Interest income accrued during the year on the subordinated loan provided to Epayment Holdings Limited (the Ultimate Parent Company) was £13,603 (2023: £13,574). As at the year end, the Parent Company had accounts receivable from the Ultimate Parent Company totaling £232,744 (2023: £195,868).
Total remuneration paid by the Group in respect of key management personnel for the year was £437,966 (2023: £779,105).
The immediate and ultimate parent company is Epayments Holdings Limited, a company incorporated in Jersey with number 110641 , whose registered office is at 3rd Floor, Charter Place, 23-27 Seaton Place, St Helier, Jersey, JE4 OWH. Epayments Holdings Limited does not prepare consolidated financial statements and is controlled by the EXIF Trust.
Subsequent events: Sale of Subsidiary – Epayments Technology LLC
In July 2022, the Board of Directors of the Parent Company approved the sale of its 99% shareholding in its subsidiary, which operates in Russia. The completion of such a transaction required regulatory approval from the relevant Russian authorities. Subsequent to the reporting date, on 19 August 2024, the required government approval for the sale was obtained. The transaction was completed on 6 December 2024.

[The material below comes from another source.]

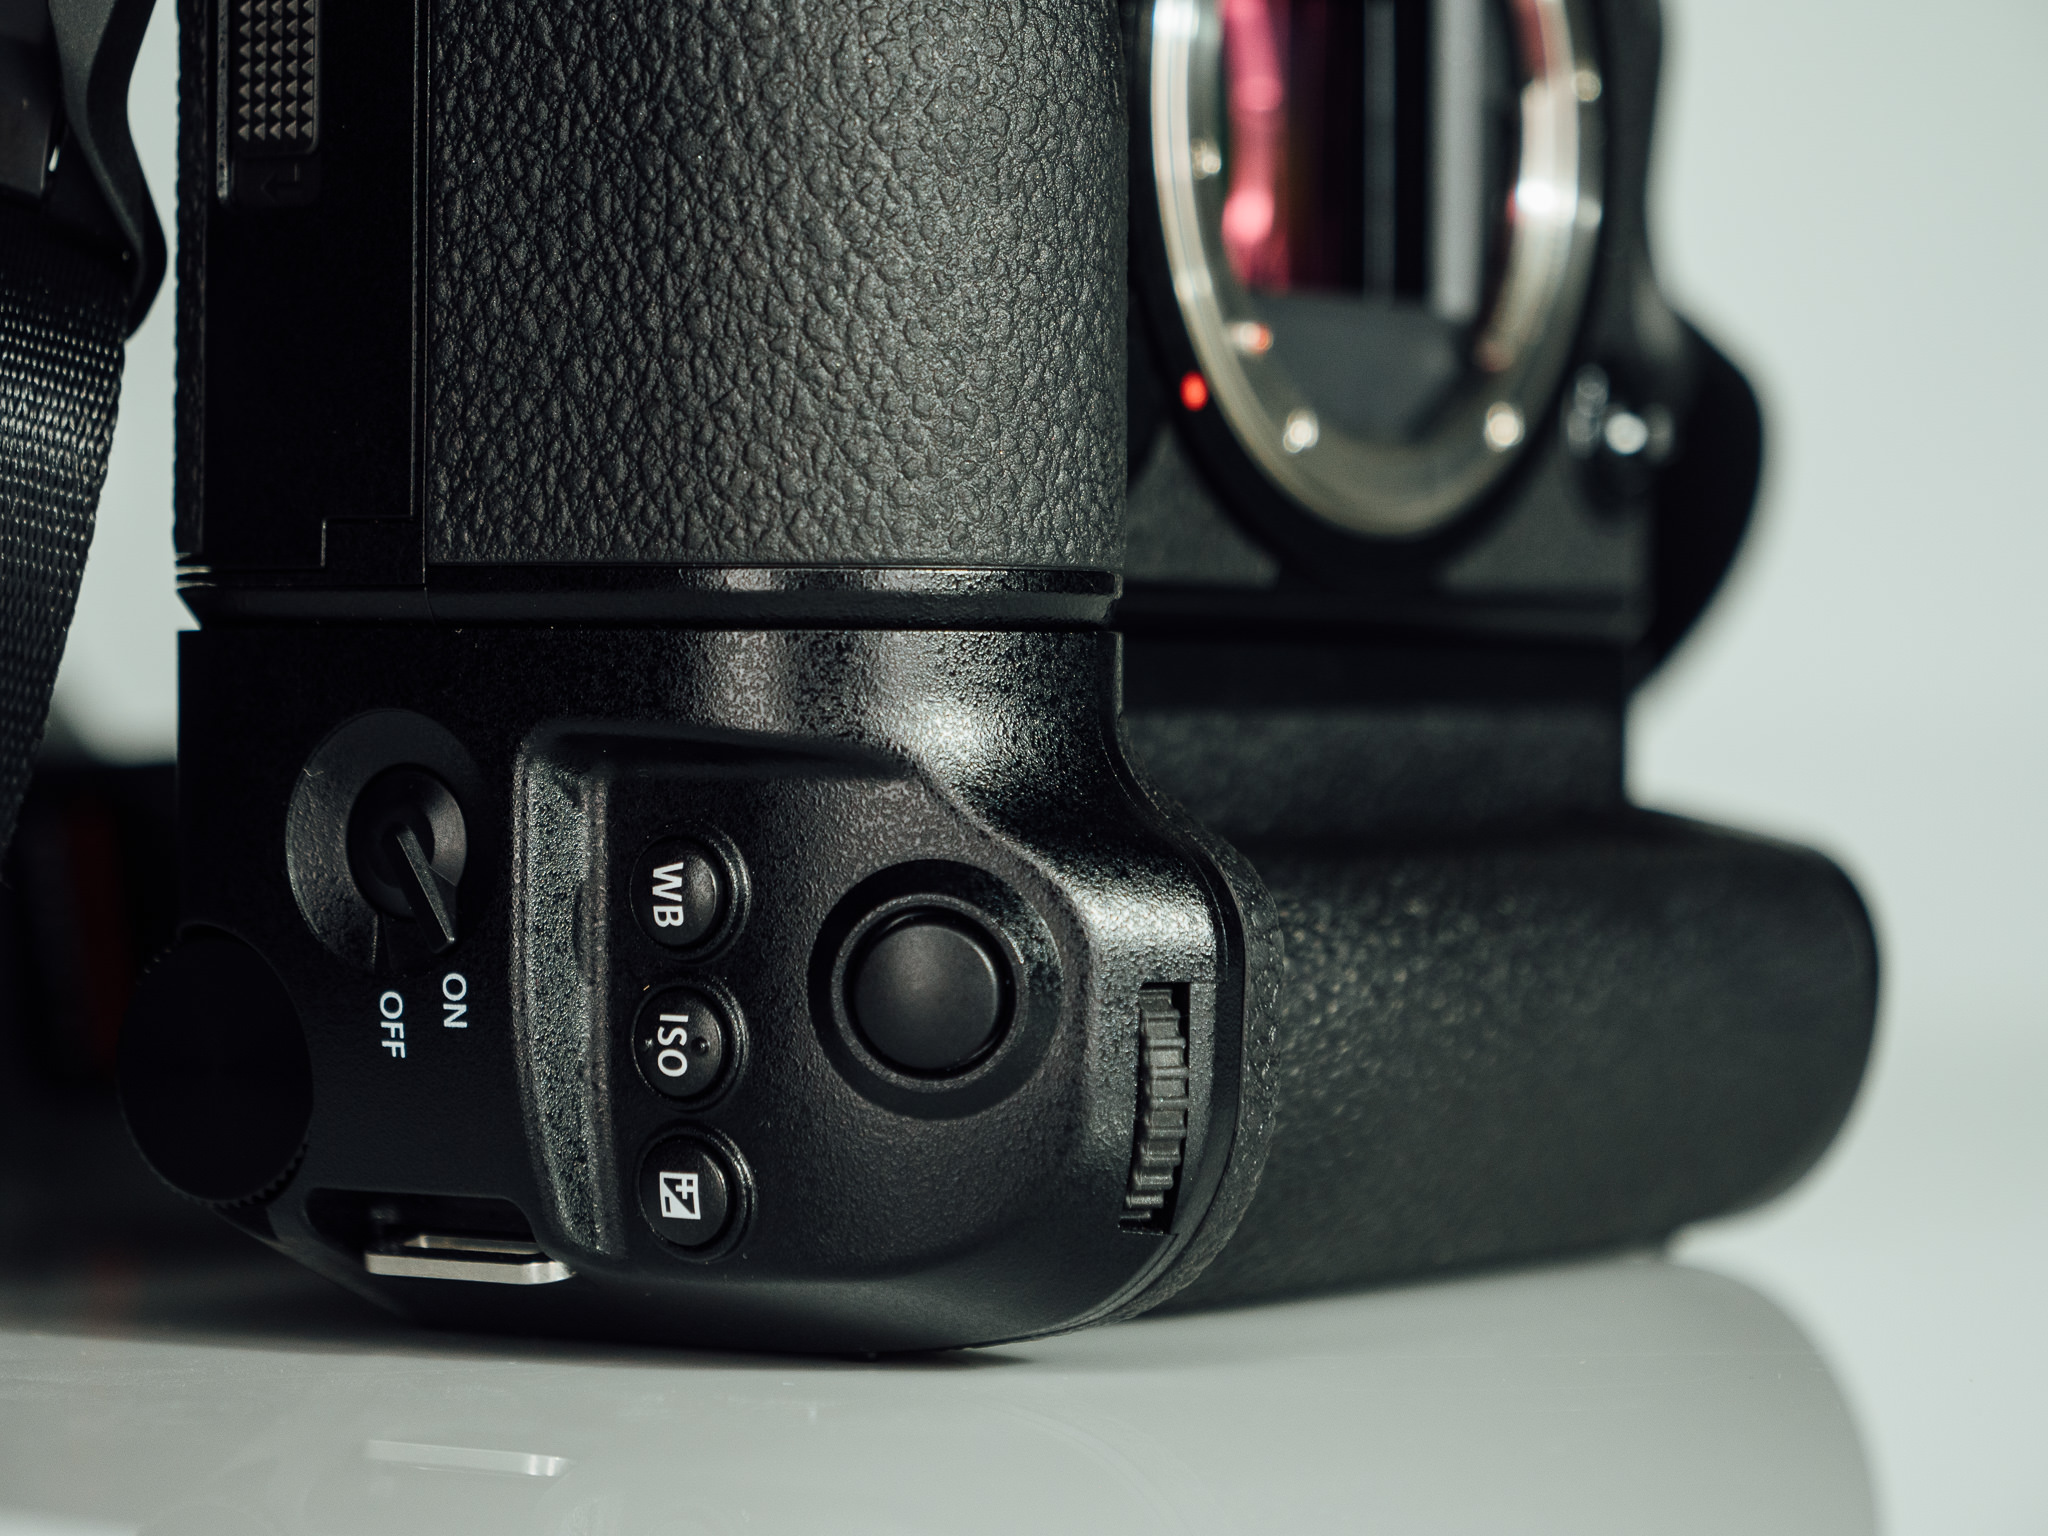 Panasonic BGS1 battery grip for the LUMIX S1 and S1R

As the approval and completion date of the transaction occurred after the reporting date, but before the approval of these financial statements, this event is considered a non-adjusting subsequent event under FRS 102. Accordingly, no adjustments have been made to the carrying amounts of assets or liabilities as at 30 April 2024 in respect of this transaction. The Parent Company will assess the financial impact of the sale, including any gain or loss on disposal, in the financial statements for the year ending 30 April 2025.